WHAT YOU ARE ASKED TO DO:
Copy the lines below as they are; omit the images they contain.

PROVIDED MATERIAL:

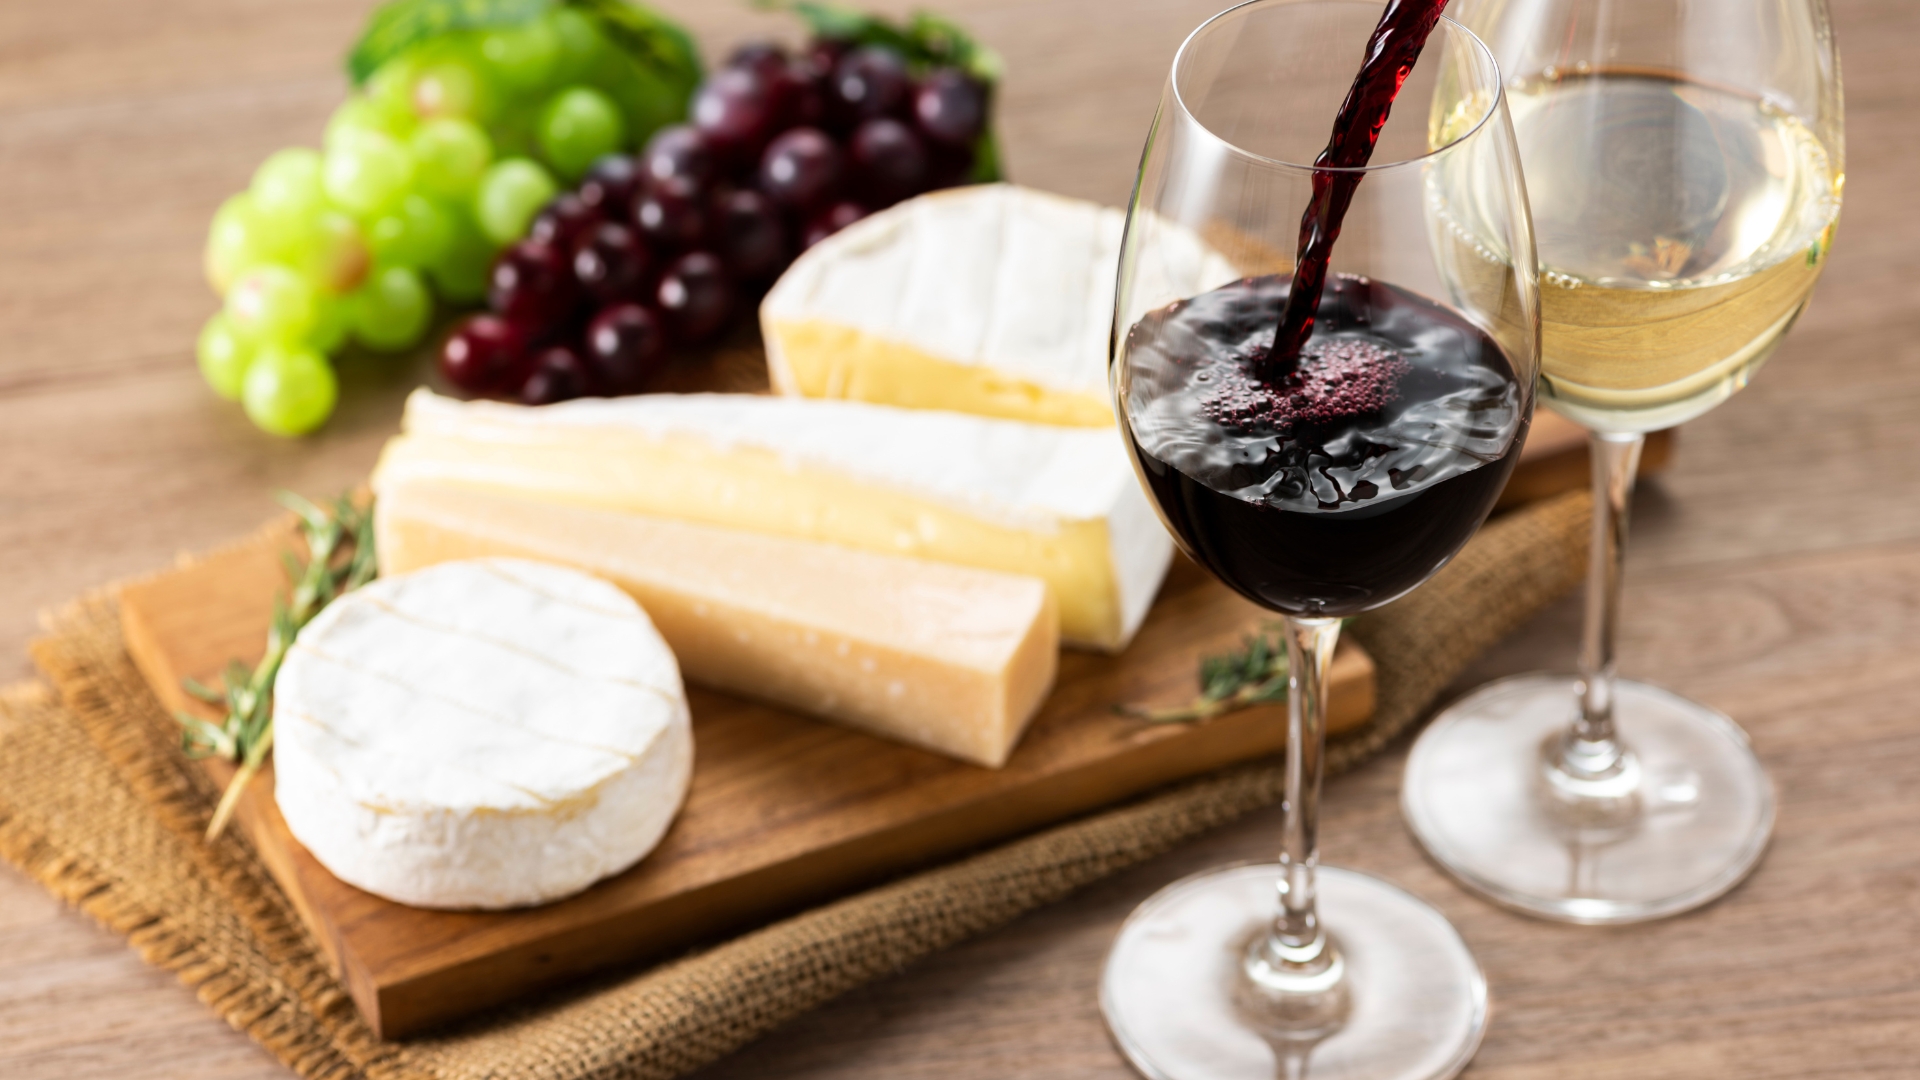 Les fans de vins et de fromage pourront désormais approfondir leurs connaissances (Image d'illustration: Canva)
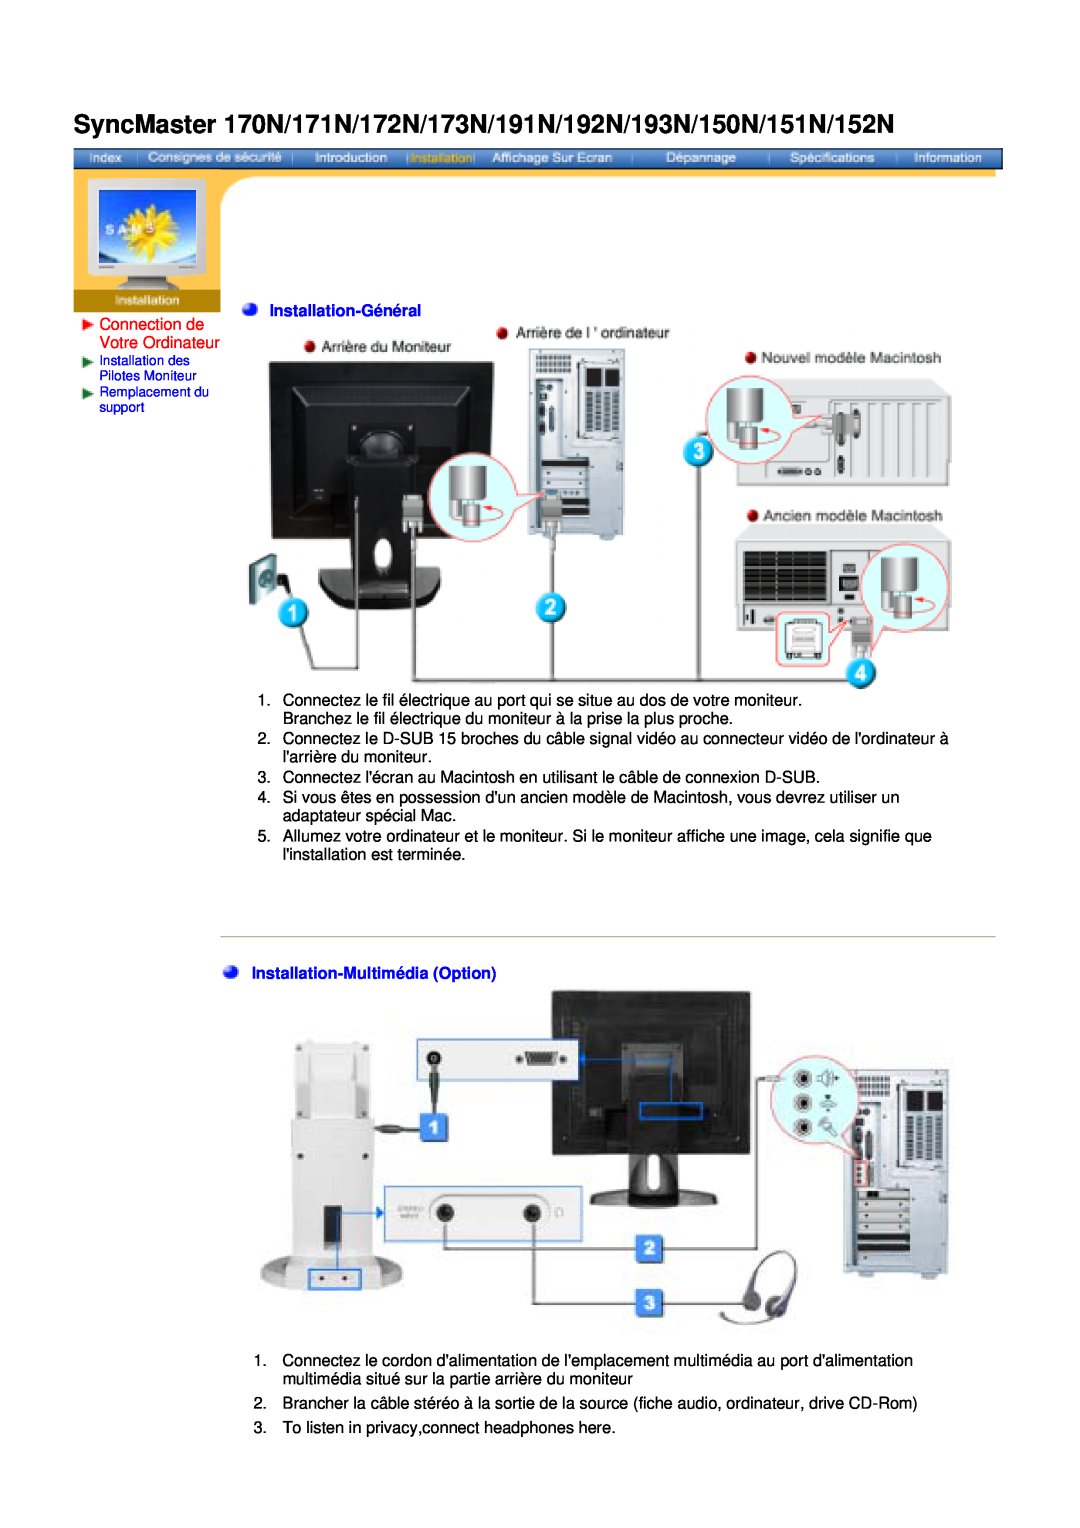 Samsung NB17BSPS/EDC manual SyncMaster 170N/171N/172N/173N/191N/192N/193N/150N/151N/152N, Connection de Votre Ordinateur 
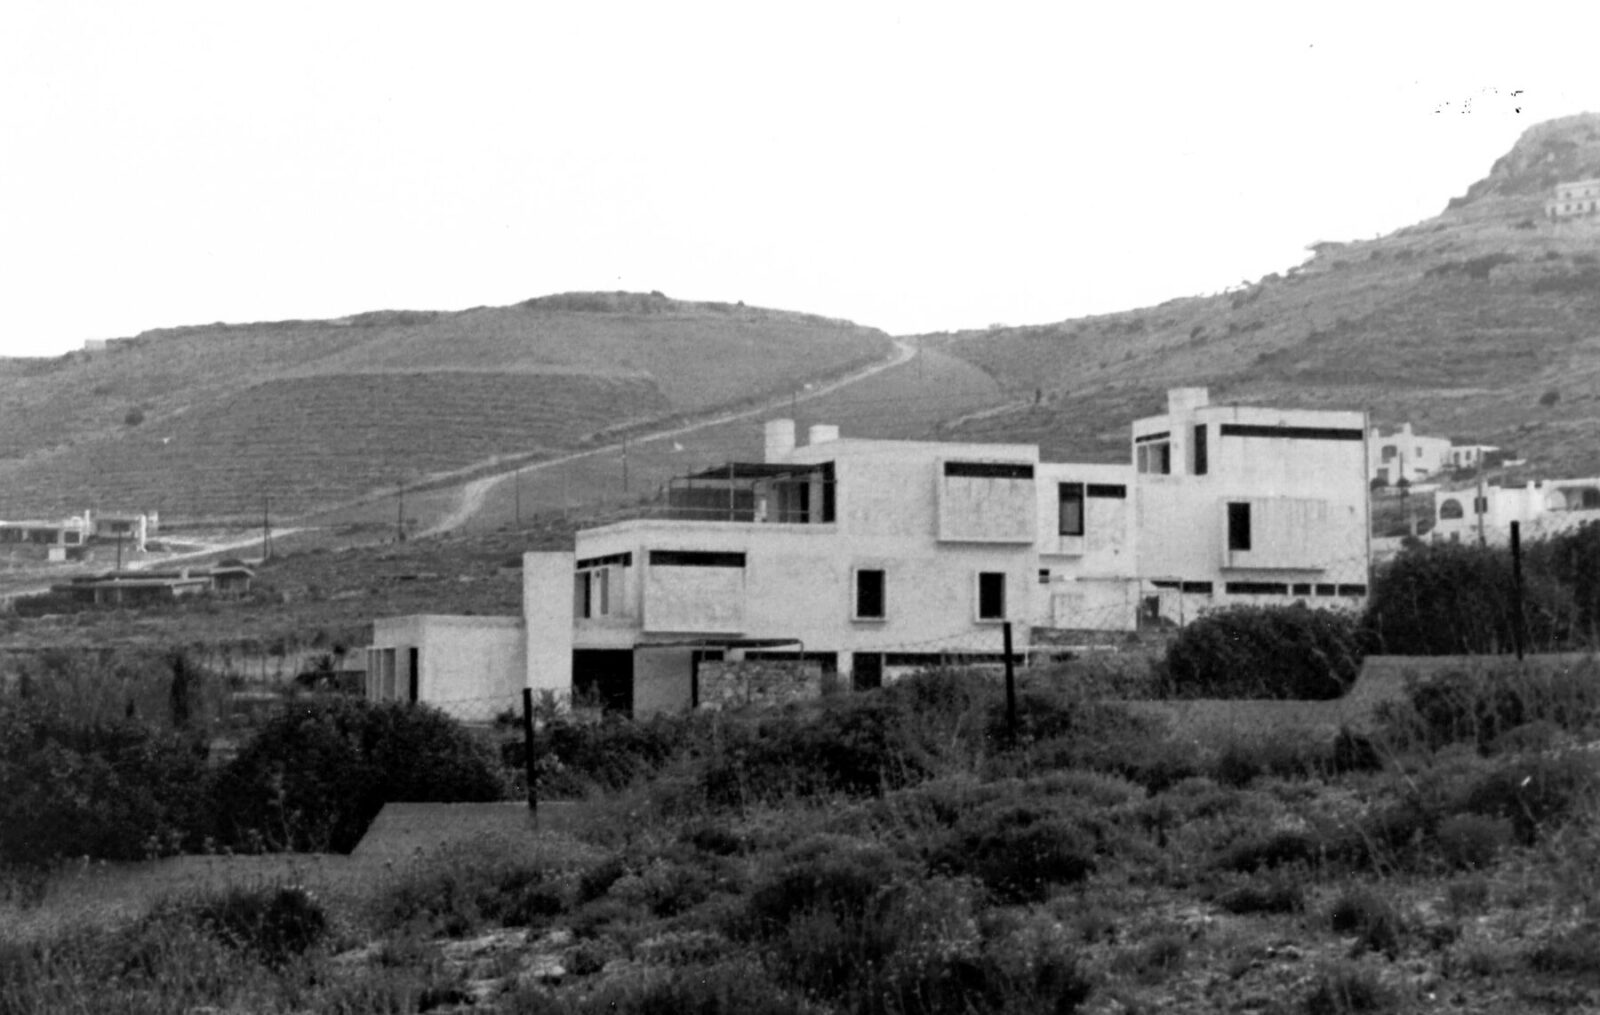 Archisearch Διερεύνηση της Γυναικείας Παρουσίας στην Ελληνική Μεταπολεμική Αρχιτεκτονική : Αναστασία Τζάκου, Μυρτώ Κωστίκα, Σέβα Καρακώστα - 3 Μονογραφίες | Ερευνητική εργασία από τις Κορίνα Νούση & Έλλη Τσακοπούλου
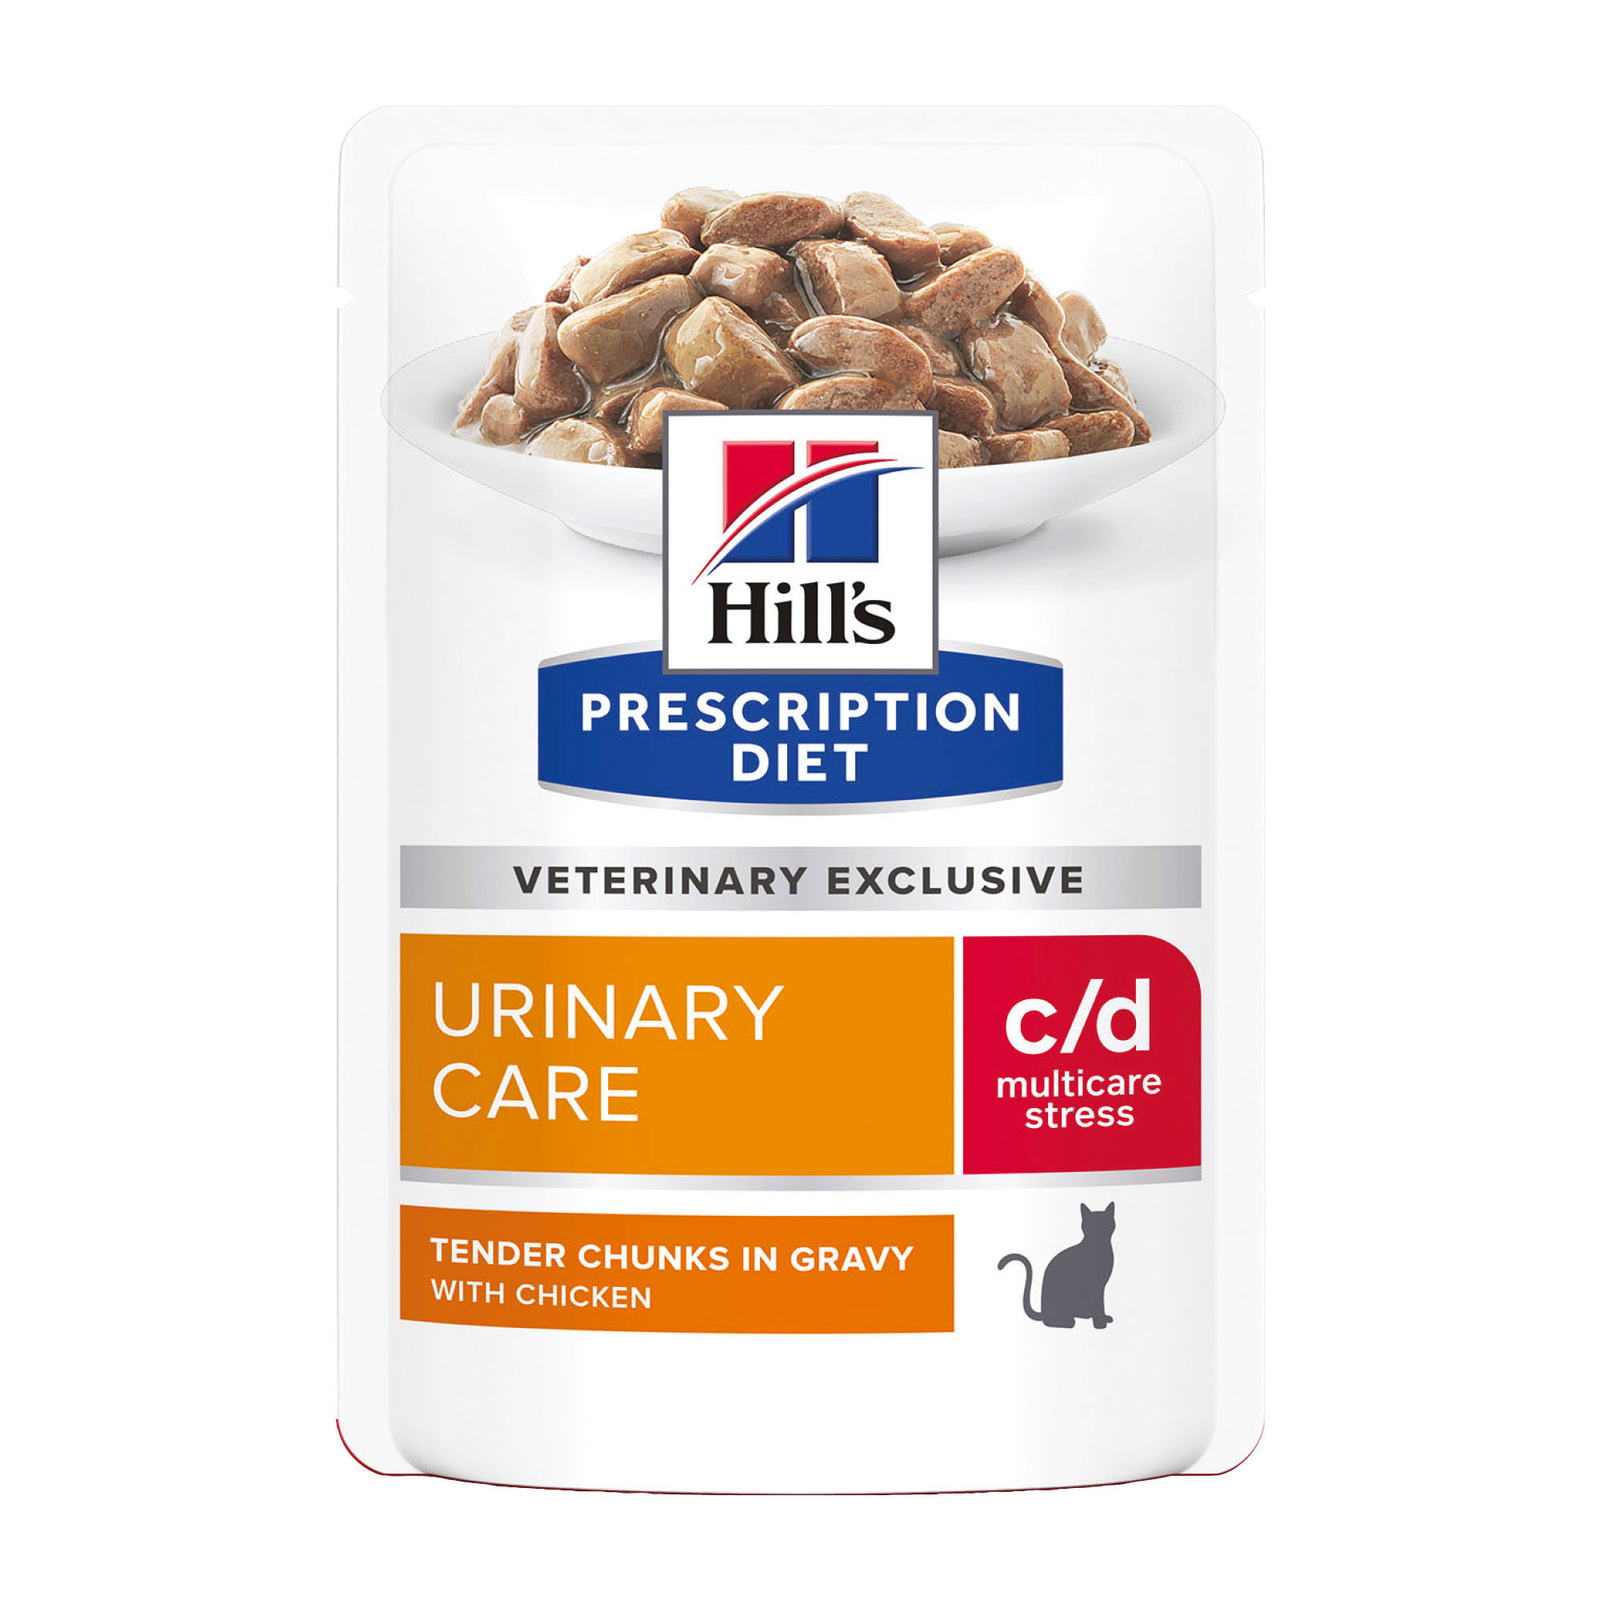 Hill's вет.консервы Hill's вет.консервы влажный диетический корм для кошек c/d Multicare Urinary Stress при профилактике цистита и мочекаменной болезни (мкб), в том числе вызванные стрессом, с курицей (85 г)

RESULT BELOW:
 Les fans de vins et de fromage pourront désormais approfondir leurs connaissances (Image d'illustration: Canva)
 Samsung NB17BSPS/EDC manual SyncMaster 170N/171N/172N/173N/191N/192N/193N/150N/151N/152N, Connection de Votre Ordinateur 
 Archisearch Διερεύνηση της Γυναικείας Παρουσίας στην Ελληνική Μεταπολεμική Αρχιτεκτονική : Αναστασία Τζάκου, Μυρτώ Κωστίκα, Σέβα Καρακώστα - 3 Μονογραφίες | Ερευνητική εργασία από τις Κορίνα Νούση & Έλλη Τσακοπούλου
 Hill's вет.консервы Hill's вет.консервы влажный диетический корм для кошек c/d Multicare Urinary Stress при профилактике цистита и мочекаменной болезни (мкб), в том числе вызванные стрессом, с курицей (85 г)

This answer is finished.